The TIF statute specifically states that taxing bodies are not entitled to funds collected under the TIF statute. Rather, the taxing bodies are entitled to receive the established base tax only for the period that the district is in existence. The TIF Act establishes that taxing authorities must pledge TIF funds to the payment of the project only or payment of the TIF bonds. The TIF funds paid by the property owner (PNRT)[, Pennsylvania National Realty Trust, the PNI subsidiary,] when taxes are paid by PNRT, are forwarded directly from .the taxing body to the TIF fund trustee....
... The taxing bodies never receive title to the TIF funds, only retaining the base tax amounts. Thus, the TIF funds used for financing the construction project never actually enter public coffers since the taxing authorities have pledged these funds elsewhere.

Pennsylvania Nat’l Mut. Cas. Ins. Co. v. Pennsylvania State Bldg. and Constr. Trades Council, AFL-CIO, PWAB-1G-1998, at 24 (April 11, 2000) (citations omitted).

. It should be noted that taxing bodies do forego the opportunity for increased revenues in the event that the district were to be developed by others without the benefit of tax increment financing. The likelihood of such alternative development, however, is obviously part of the calculus which the taxing bodies must make in determining whether or not to cooperate in the affordance of the incentive. Moreover, this factor, in my view, is too speculative to serve as the basis for designating a project a public work.

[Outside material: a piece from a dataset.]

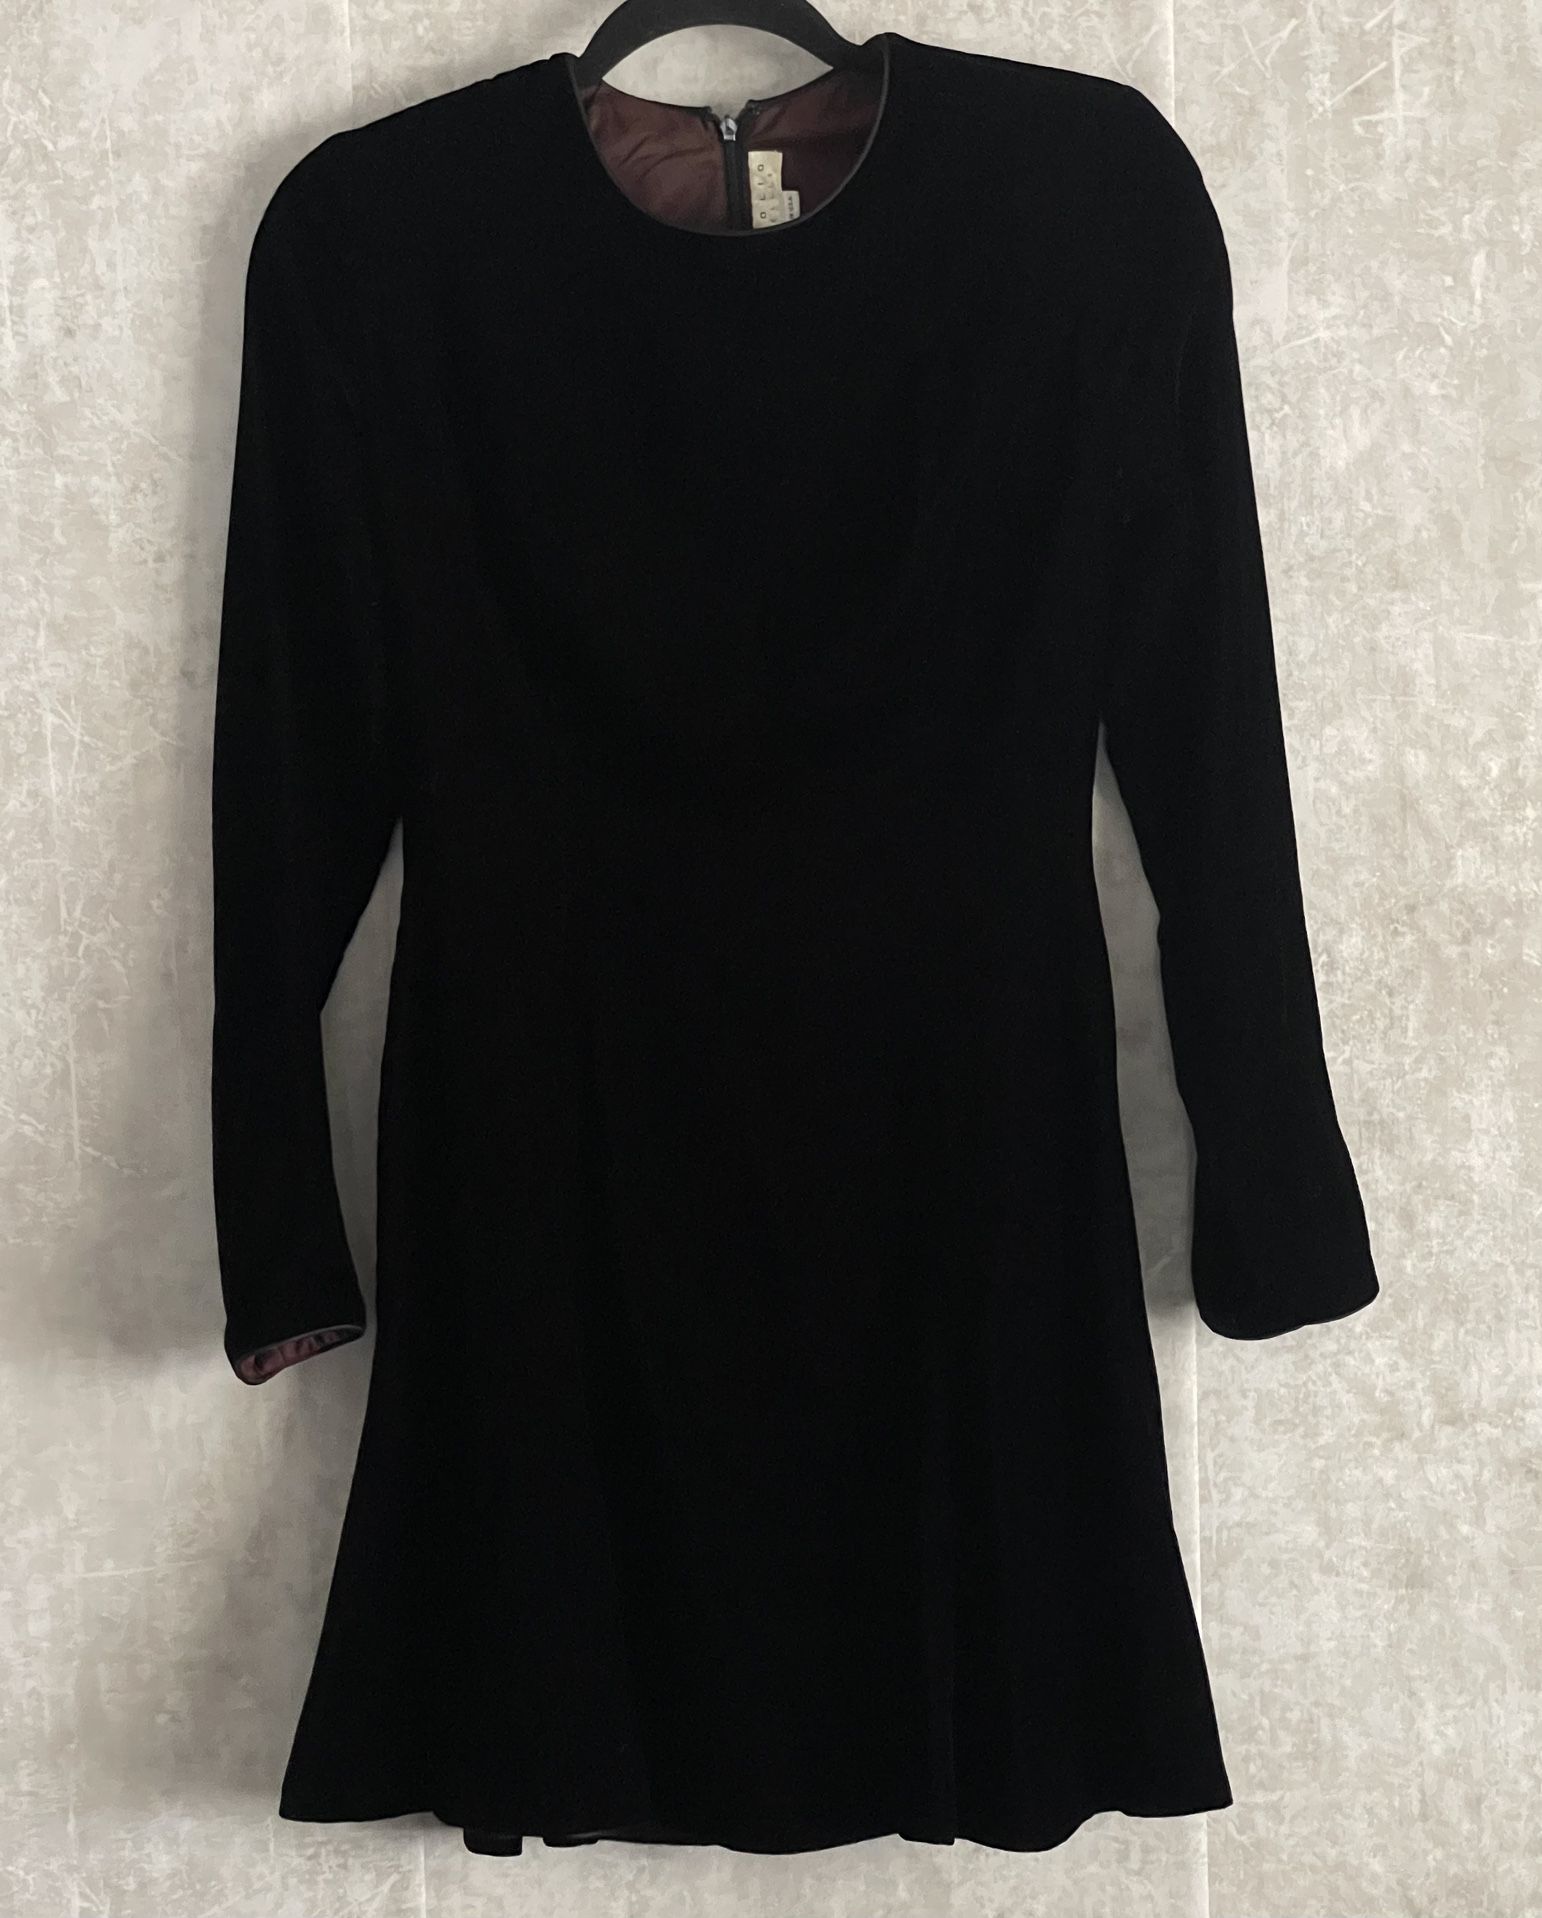 Vintage Portfolio Perry Ellis Black Velvet Women’s Long Sleeve Flared Dress Sz 4
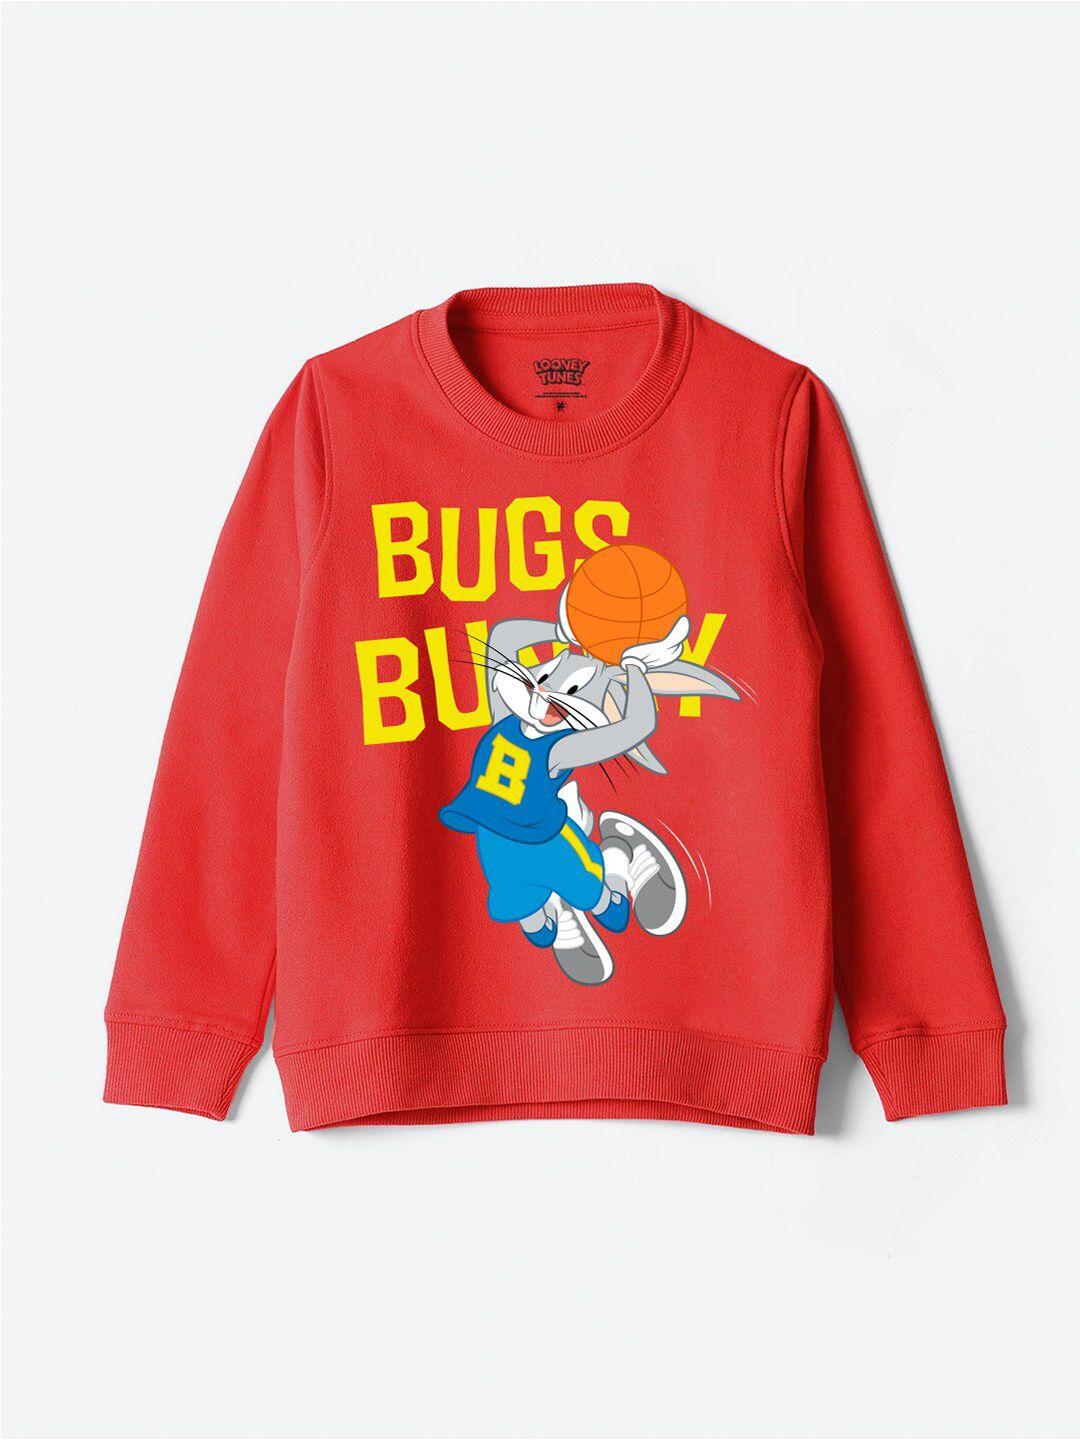 yk-warner-bros-kids-humour-and-comic-bugs-bunny-printed-pullover-sweatshirt

. This also is reflected in the findings of the Prevailing Wage Appeals Board:

37. No public body guaranteed is otherwise at risk should a default on the bonds occur; the sole party at risk is PNI as holder of the bonds.
38. No public body or authority guaranteed the bonds. The TIF financing statute prevents [the local government authority] from pledging its own assets or otherwise guaranteeing such financing.
39. PNI bears the risk of taxes being lowered to the point that [its subsidiary’s] tax increment payments are insufficient to cover debt service on the bonds.

Pennsylvania Nat'l Mut. Cas. Ins., PWAB-1G-1998, FOF ¶¶ 37-39 (citations omitted).

. In this regard, in other instances in which the General Assembly has undertaken to enlarge prevailing wage coverage, it has done so by express language. See, e.g., 24 P.S. § 17-1715 A(10)(iii) (requiring the boards of trustees and contractors of charter schools to abide by the Prevailing Wage Act).

. The agencies’ positions are reflected in briefs filed in this Court and in the Commonwealth Court.